Moreover, the findings of this study identify the need for a paradigm shift in DRR strategies focusing more on the drivers of intra-gender inequality. This is consistent with the findings of previous empirical studies, which have reported that people endowed with vast human capital are more capable of bouncing back and recovering with little or no external assistance following a disaster (Manyena 2006; Akbar and Aldrich 2018) and that literacy rates in particular are major components of disaster preparedness, recovery, and resilience (Manyena 2006). Evidence has further shown that even the most vulnerable individuals were able to utilise a wide array of diverse resources, knowledge, and skills to confront disasters triggered by both hazards of natural original (Wisner et al. 2012; Gaillard et al. 2017) as well as human activities.

Conclusion

This study examined the recurrent shocks and disparities in gendered livelihood diversification in Nigerian villages. Two new indices of disasters triggered by human activities and natural hazards were constructed. The results revealed higher vulnerability of recurrent shocks. Furthermore, the OLS results show a stronger negative effect of shocks on livelihood diversification. While not challenging Western insinuations that females are relatively more vulnerable compared to males, the social construction of vulnerability should look beyond gender.

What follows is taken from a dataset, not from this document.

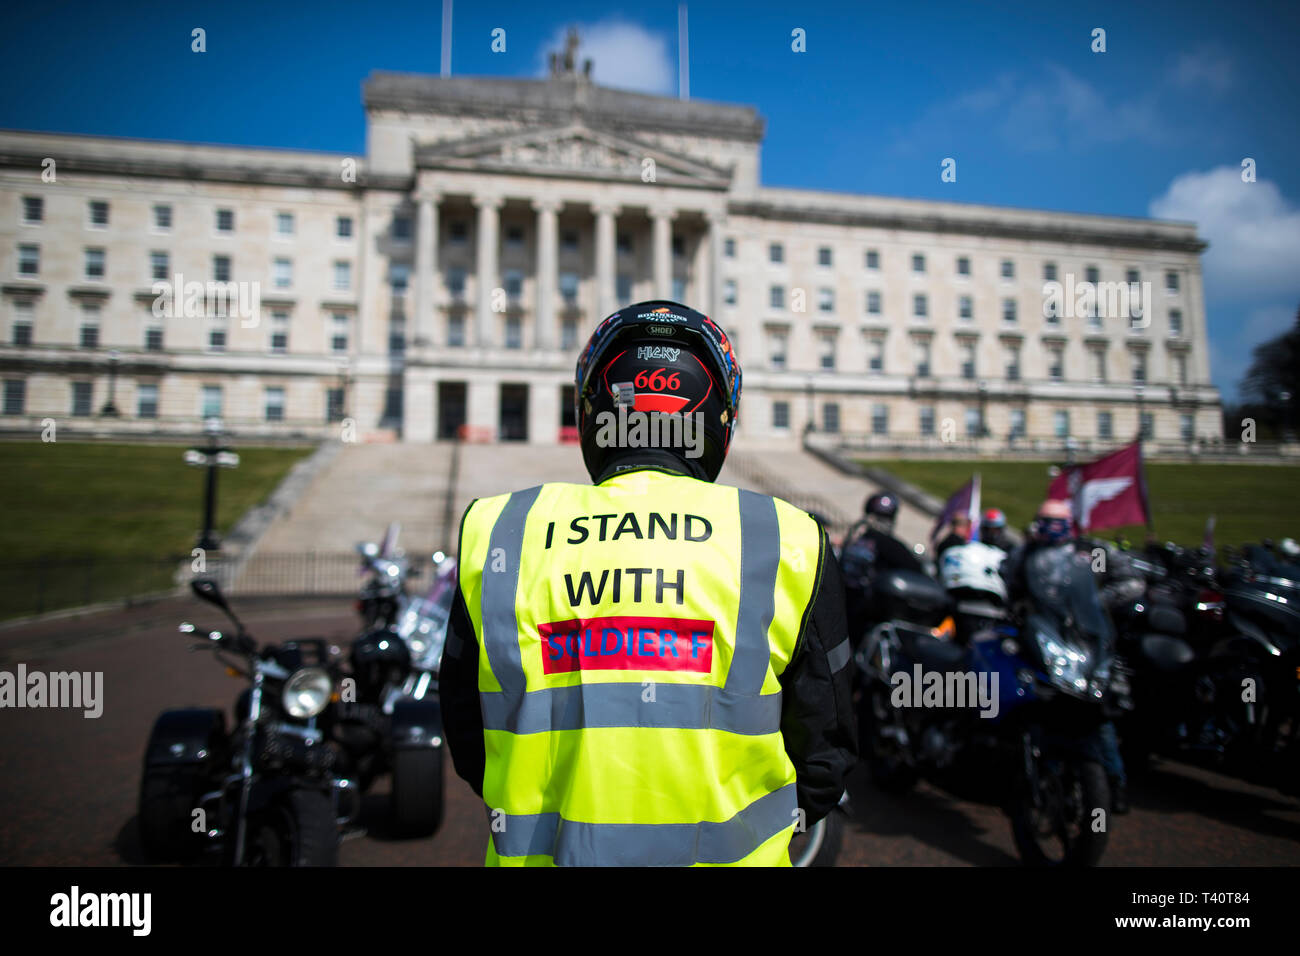 Les motocyclistes au bâtiments Stormont à Belfast prendre part à l'opération Rolling Thunder ride protestation à l'appui de soldat F, qui fait face à des poursuites sur le Dimanche sanglant. Banque D'Images

In this sense, the DRR strategy should prioritise the intervention that has a direct bearing on a household’s economic, human, and social capital without solely focusing on gender. This underlines the need for a new paradigm in the DRR work culture with the stronger emphasis being placed on household-centric resilience rather than just vulnerability. As such, this study argued that rural financial development has a dedicated role to play in closing financial disparities, both within and between genders, which are widened as the vulnerability to shock increases.

With the cross-fertilisation of human ecology and political economy perspectives and the subsequent development of socio-ecological perspectives to vulnerability and resilience paradigms that served the premises for sustainable livelihood agenda, the emphasis has now shifted to adaptation (proposed through human ecology) and has been extended into the socio-economic context, which ultimately shapes human-environmental relations and expressions of vulnerability (Oliver-Smith 2013). This underlines the need for an important vulnerability evaluation capable of providing insight that would guide the monitoring of risks and vulnerabilities in remote areas. In this sense, there is an urgent need for improvement in vulnerability assessment, particularly for SSA countries such as Nigeria where over two-thirds of the population are living in rural areas and the rural economy is overwhelmingly agro-pastoral based. Linking these customary livelihood strategies with sustainability is key to building resilient livelihoods. This would reduce people’s vulnerability in the wake of projections about the future increase in the frequency and intensity of extreme events. It is left for future research to re-explore the vulnerability evaluation index system by taking into account the multidimensional and non-linear relationships between various vulnerability indicators, as this would provide further improvement to the vulnerability evaluation index for the rural region proposed in this study.